Someone calling themselves Shadow of the Dead God has issued a critique of our proof for the existence of God. As per usual his “critique” is nothing but pompous pseudo-scientific drivel riddled with logical fallacies.
His first false claim is that we’re redefined God to be the universe. This is the second atheist criticism we deal with right in the proof in the section “Atheist Criticisms”. That he missed it or could not understand it does not bode well for his comprehension abilities.
We are not redefining anything. We are simply saying that the Universe is a being, the supreme being, God. Pantheism was the first conception of a supreme being. If anyone has redefined the concept of God it is every non pantheist.
The second false claim is that we’re “conflating” the terms God and Universe. We are not. We are equating them, saying that they are one and the same thing, not confusing two different things. There is no conflation whatsoever. He does not seem to understand what the concept of conflation refers to.

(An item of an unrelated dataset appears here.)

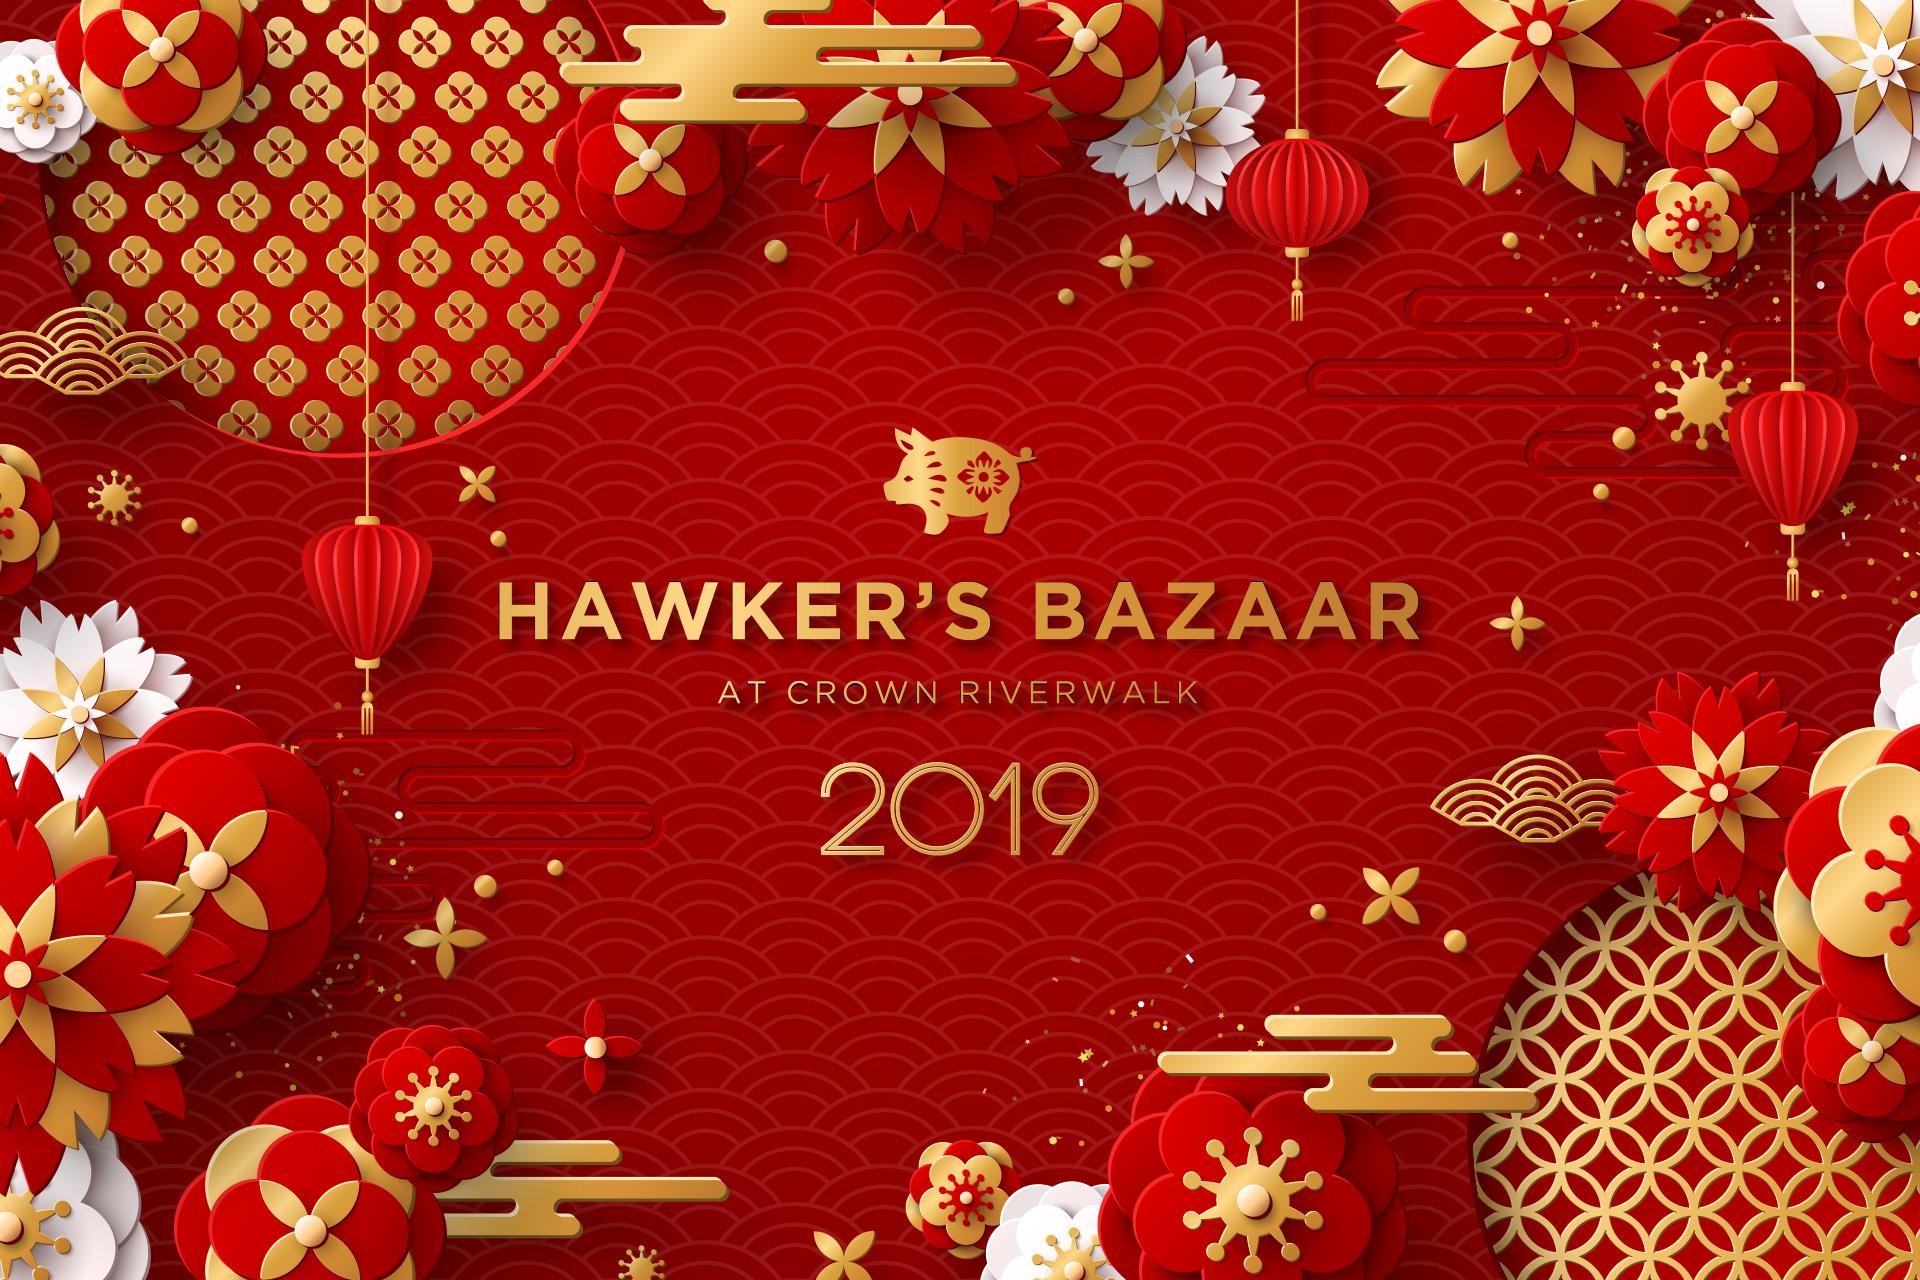 Lunar New Year 2019 at Crown

The third false claim made is that we err by assuming that there is not some physical stuff other than energy. He claims that to assert that one “would need to have a complete theory of quantum gravity, that unifies general and special relativity with quantum mechanics to assert that”. He provides no justification for this odd view presumably because there is none.

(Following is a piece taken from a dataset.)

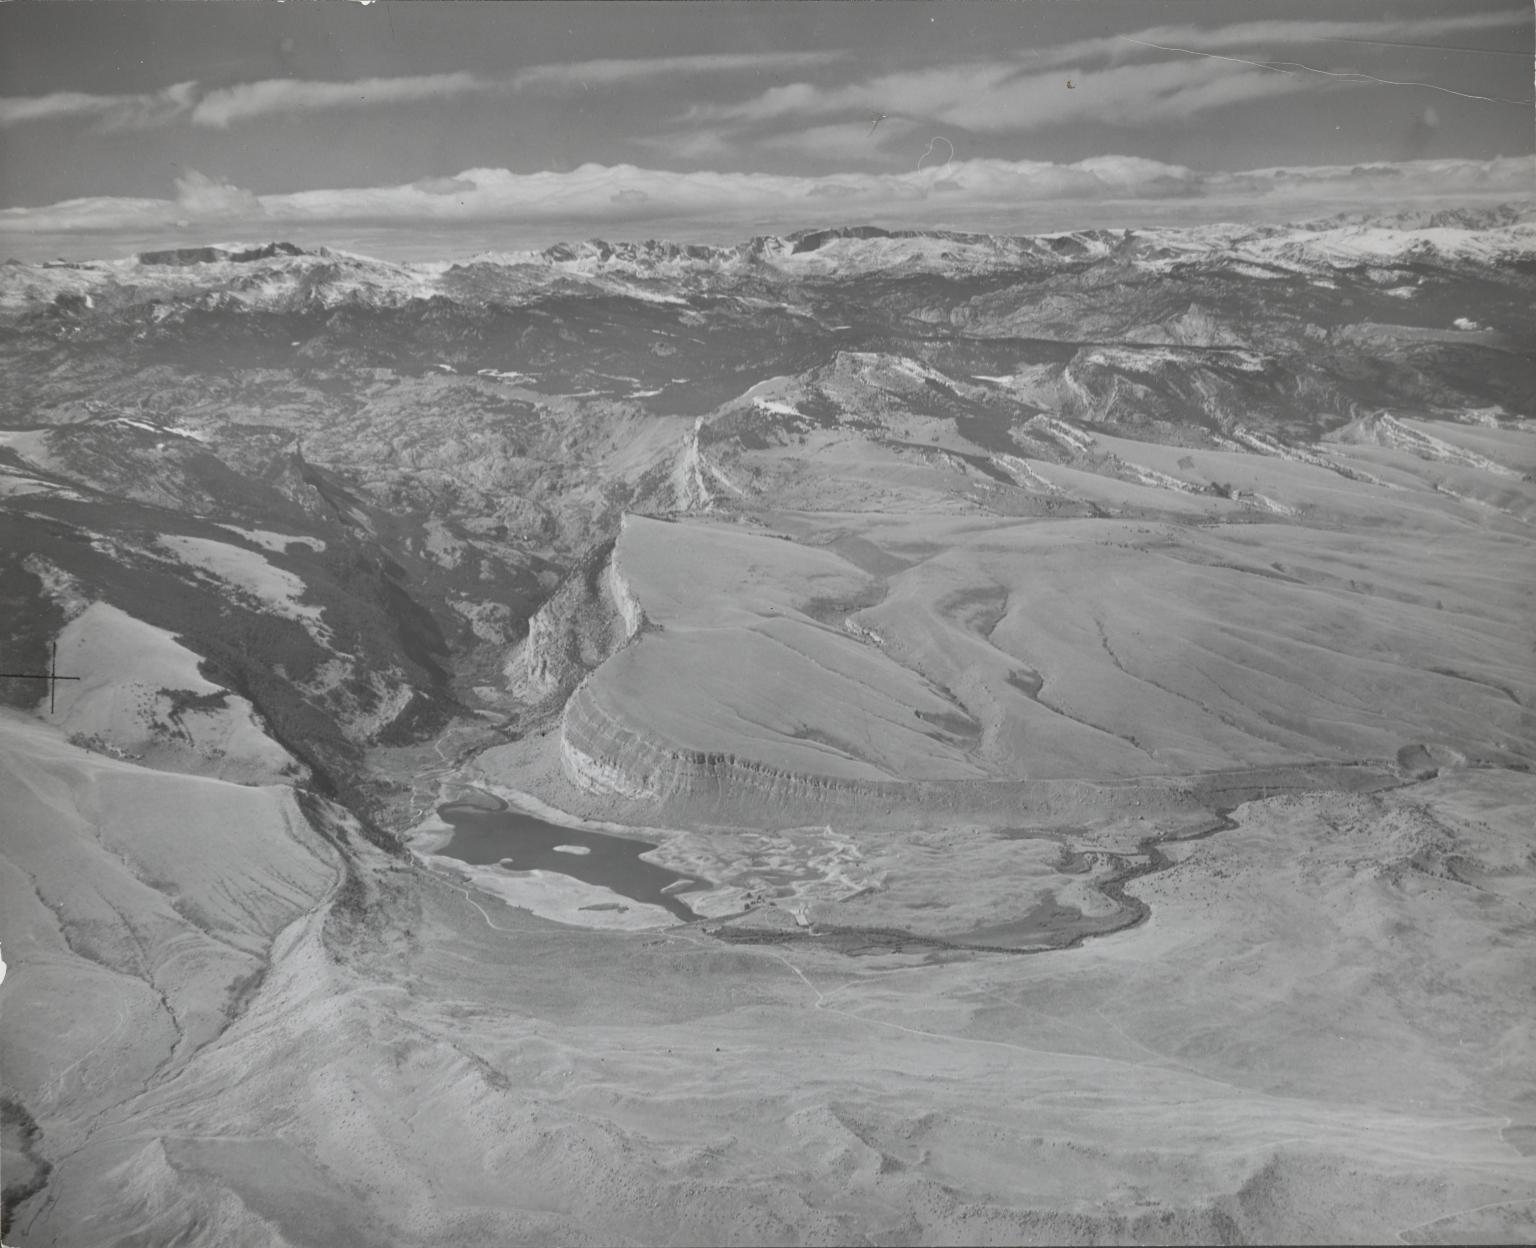 Wind River Range, Wyoming

Next he falsely claims that “Laurence Krauss demonstrated that the total net energy of the universe equals zero.” Kraus did no such thing. His cancellation hypothesis is just that, a hypothesis. A hypothesis with inconclusive experimental proof to support it. At any rate, these cancellation theories are not claiming that there is no energy, only that the effects of positive energy cancel out the effects of negative energy.

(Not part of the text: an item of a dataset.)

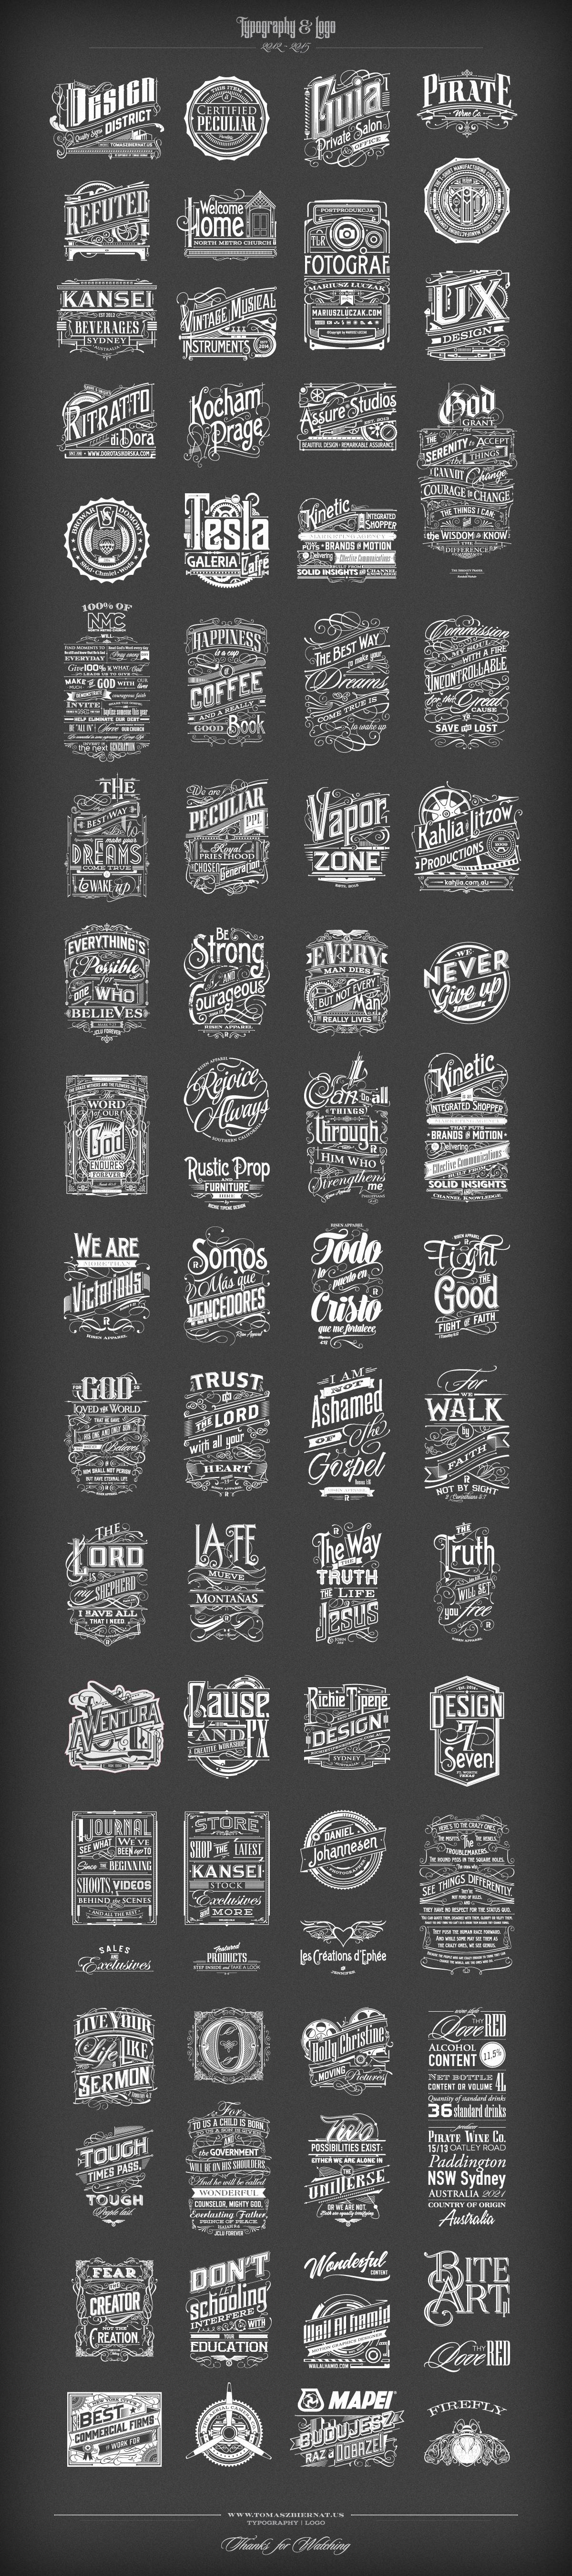 Graphic Design,Print Design,Typography

Next is a false claim that our proof commits an equivocation fallacy. He claims that we are equivocating “electrical and neurological synapsis that create (sic) brain activity” with “gravitational pull of black-holes”. We don’t do that at all. We’re simply saying that both such interactions ultimately involve field interactions. So he has misrepresented our argument and attacked that misrepresentation, i.e. he committed a straw man fallacy.
Next he claims that our “assertion that the universe is just one massive system of interacting energy, is patently wrong, and lacking of understanding.” He does not justify this claim and instead rambles on about how the universe does not work and nothing interacts with the universe which is something we’ve not said. He appears to be making the bizarre conflation that we’re claiming that the fact that the Universe is a system of interacting energy somehow means that we’re interacting with the Universe as a whole. It doesn’t though. This is just some nonsense he made up because he seems to have a pathological need to misinterpret what we write.
Next he make the false claim that heat death of the Universe is inevitable. It is not. Few physicists actually believe that and for those that do, their justification is merely theoretical, not an established fact. He then makes the false claim that the Universe had a beginning. The known universe possibly did but the Universe itself for all we know has always existed. A big problem here is his repeated faulty equivocation of theories with fact. This betrays a severe lack of understanding in basic science.
Here’s where it gets pretty absurd. He agreed with the following statement: “It’s important to understand that interacting energy wouldn’t cause a mental state to magically arise out of nowhere”. But he had a big problem with the following conclusion: “Energy itself must have the simplest possible default mental state”. If everything is interacting energy and the interactions do not cause mental state to arise from nowhere, the only alternative is that energy has a simple mental state that gets shaped by interaction. He proclaims that this is absurd without any justification.
With the following statement: “It would be wrong to assume that only energy packet interaction results in mental states. Any sort of energy interaction should also produce mental states” he conflates mental states with minds and then rejects the statement with an appeal to incredulity fallacy. Because he can’t imagine that energy interactions result in changed mental states, the notion is simply proclaimed to be nonsense.
In responding to the argument summary he proclaims that while energy interactions in the brain produce mental states, no other interactions do. That shows that he is engaging in special pleading. Somehow energy interactions in the brain are special in that they alone magically bestow mentality.
He dismisses our observation that treating mentality as a special case from physicality involves special pleading by simply proclaiming that mentality supernaturally arises from the physical. No explanation is given, we are just meant to take this dogmatic statement on blind faith.
He dismisses our objection to the supernatural concept of strong emergence of mentality by simply proclaiming that mental states require a brain. Again, no justification is given, we must simply believe this on blind faith.
He dismisses our conclusion that energy has simple mentality by simply proclaiming that it is an “unfounded, unsupported and absurd assertion” and “absurd, incoherent and illogical nonsense” without finding any holes in the argument’s logic.
His rebuttal is nothing but an incoherent mishmash of pseudoscience and logical fallacies. His many unjustified proclamations amount to bare assertion logical fallacies. This is the very kind of tripe you’d encounter with young Earth creationists who are trying in vain to show that your science based arguments are wrong.